Thank you, Industrial Growth Society. Now let’s hear a few words from the Holy Spirit, who has consented to make a brief appearance before fully arriving at Pentecost, two weeks from today.
“Friends, you are not alone and have never been alone. You were loved into being by God the Father-Mother of all Creation, and God so loved the world – so loved you – that God sent God’s Son to become one of you, to enter every aspect of human life and to draw you and all Creation into the heart of God.
“The peace that Jesus gives you springs from your connection to the flow of love that is always going on between the Father and the Son and me, the Holy Spirit. God has made a home within you, so there is nowhere you can go where God is not. The Creator and Redeemer of the world dwell within you through the power of the Holy Spirit (that’s me), and with every breath you draw, with every beat of your heart, God is breathing into you and flowing through you.
“When you really understand that, you begin to see that you are much more than an isolated self – at every moment you are connected with God – and not only with God, but also with every other human being and with your brother-sister beings, [4] to whom God also gave life and with whom God has a loving relationship, just as God has with you.

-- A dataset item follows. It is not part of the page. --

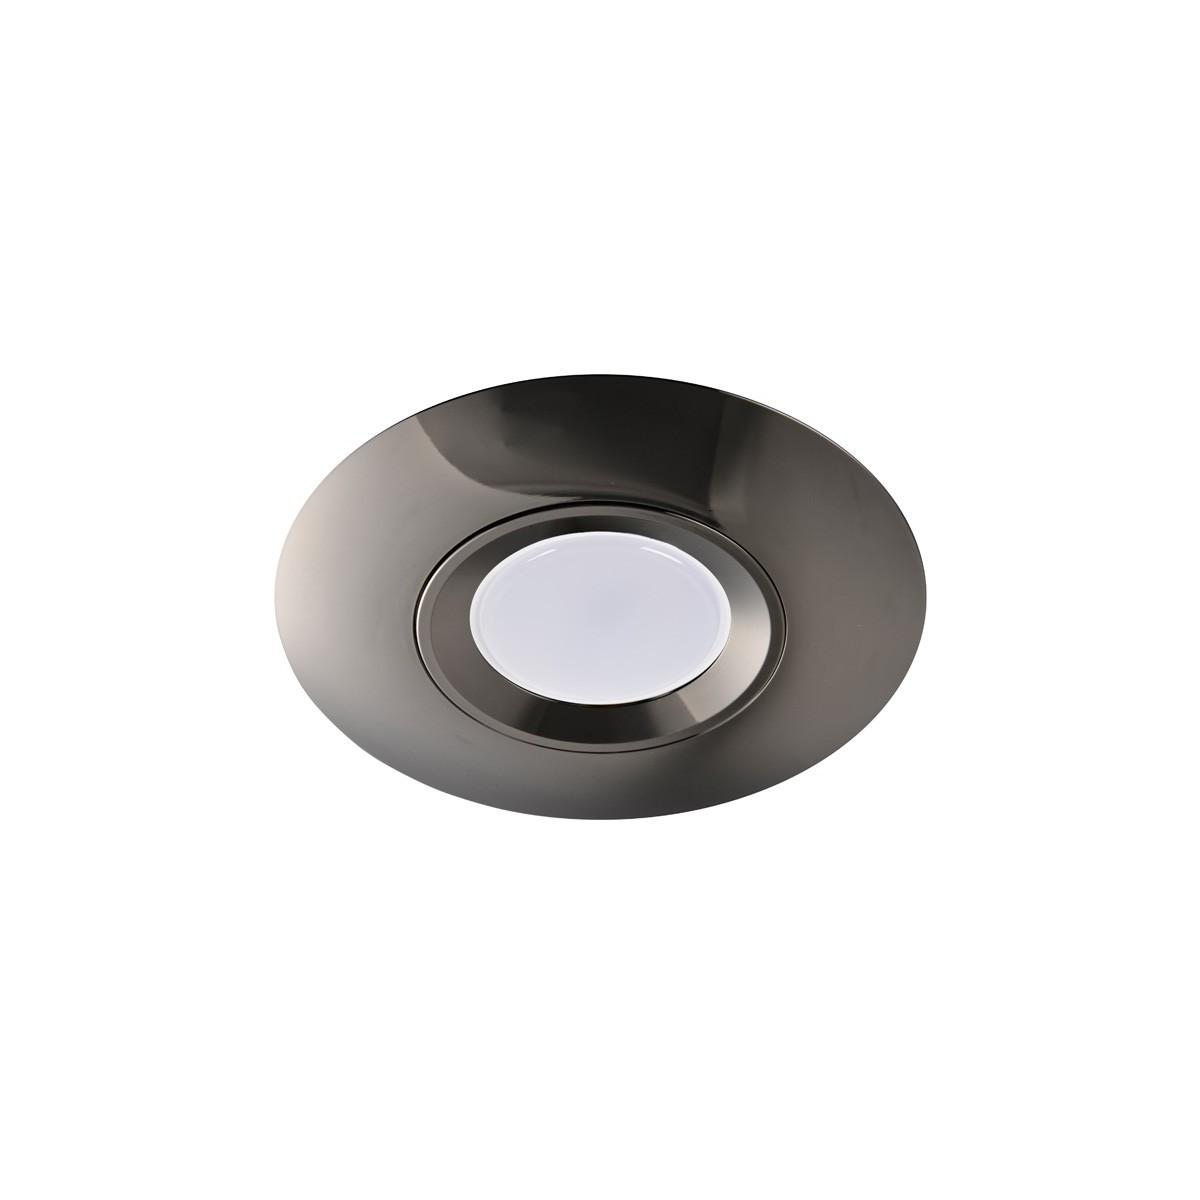 Empotrable Seron cromo plata

“So when you feel pain for the world – when you weep for rapidly disappearing species or the forests and wetlands we’ve already lost, when you feel morally outraged when narrow self-interest or short-term political or financial gain trump a larger good and a longer view – when you let your defenses drop and feel your sorrow and anger and fear about what is happening in the world around you, you are expressing how big you are, how connected you are with the whole web of life.
“The peace of God is spacious enough to stand at the Cross and to open itself to the pain of the world without closing down, without running away. Christ bears that pain with you and for you, and by allowing it into your awareness – by opening the doors of your senses and the door of your heart so that sorrow and joy can flow through – then you allow the power of healing, the power of the Risen Christ, to move through you, as well.
“So now the walls around you can come down. The peace of God is open to life, and it may impel you to move into the world’s most brutal and broken places, to be a warrior for life and to protest the unjust powers of this world.
“God bless that peace that is in you, a peace that the world cannot give you and that the world can never take away.”
Listening to these two voices in an in-between and turbulent time, it seems to me that if we steep ourselves in the peace of Christ, we will have everything we need. We have glimpses of what we and our neighborhoods will need to do – draw down our carbon emissions, buy locally produced goods and food, build different kinds of dwellings, develop new, sustainable and non-polluting energy sources – and there are changes that each of us can make now. But only a shift in consciousness can sustain us in that crucial work, a deep rooting in the ground of our being, which is God. We are engaged, together, in a great turning [5] – a third revolution – that will require new depths of wisdom, compassion and courage. These are the depths that pour forth eternally in the peace of Christ.
So today, and every day, as we celebrate the gift of being alive at this crucial moment in the planet’s history, may the peace of the Lord be always with you.